L 'appliance Connector approved L 'autorité de certification utilisée par les certificates SSL/TLS de Citrix Cloud。Citrix peut modifier les certificate et les autorités de certification à l 'avenir, mais toujours utiliser les autorités de certification que l 'appliance连接器批准。
chque service de Citrix Cloud peut avoir différentes exigences de configuration SSL。倒德加样品资料,咨询拉科Vue d 'ensemble de la sécurité技术倒支票服务(répertoriée au début de cet文)。

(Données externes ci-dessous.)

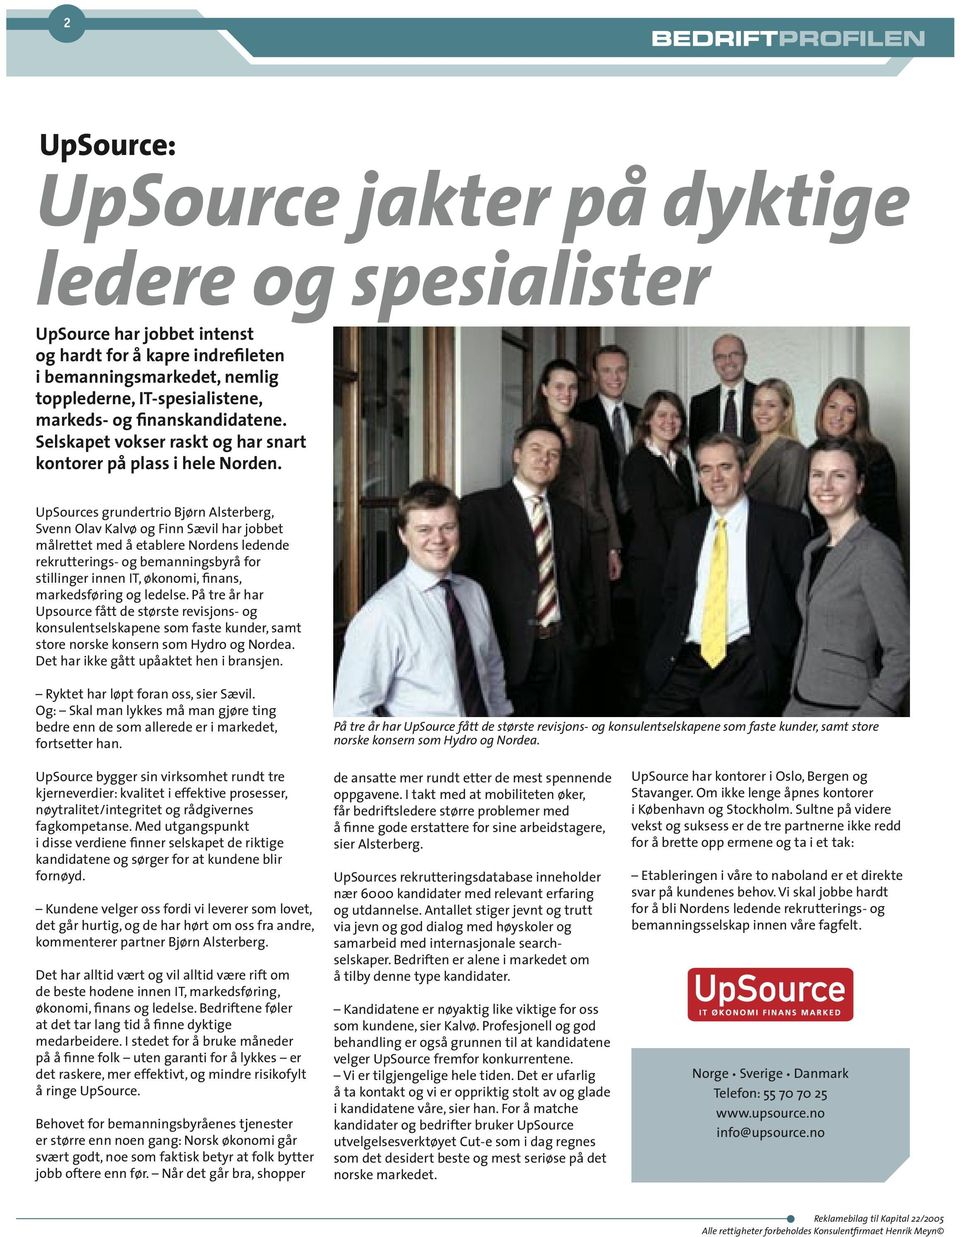 UpSources grundertrio Bjørn Alsterberg, Svenn Olav Kalvø og Finn Sævil har jobbet målrettet med å etablere Nordens ledende rekrutterings- og bemanningsbyrå for stillinger innen IT, økonomi, finans,

Conformité aux normes de sécurité
Pour garantir la conformité à la sécurité, l 'appliance Connector s 'auto-gère et vous ne pouvez pas vous Connector via la console。
你有êtes我的爱,我的爱,我的爱,我的爱。L 'appliance连接器贴花自动校正器sécurité。
确保您的管理人员的请求hébergent沃斯电器连接器的请求installés avec des mises à jour de sécurité à jour。
妥协是必然的
- Vérifiez Citrix云及产品管理部门管理人员名单approuvés。
- Désactivez tous les comptes comptes折中dans l ' annual aire活动目录企业。
- Contactez Citrix et demandez-leur d 'alterner les secrets d ' auisation stockés pour tous les Cloud Connector du client。En function de la gravité du problème de sécurité, effectuez les actions suivantes:
- Faible有伤风化的:Citrix peut alterner进步的秘密。Les Cloud Connector continue à functionner normalement。Les ancient secrets d 'autorisation devienent invalides dans un délai de 2 à 4 semaines。监视云连接器挂件的时间由您的保险公司提供opération在出席时最effectuée。
- 低俗的élevé continuu:Citrix peut révoquer tous les ancient secrets。云连接器只存在一个功能。Pour reprendre le功能正常,客户端doit désinstaller et réinstaller le Cloud Connector sur toutes les machines可应用。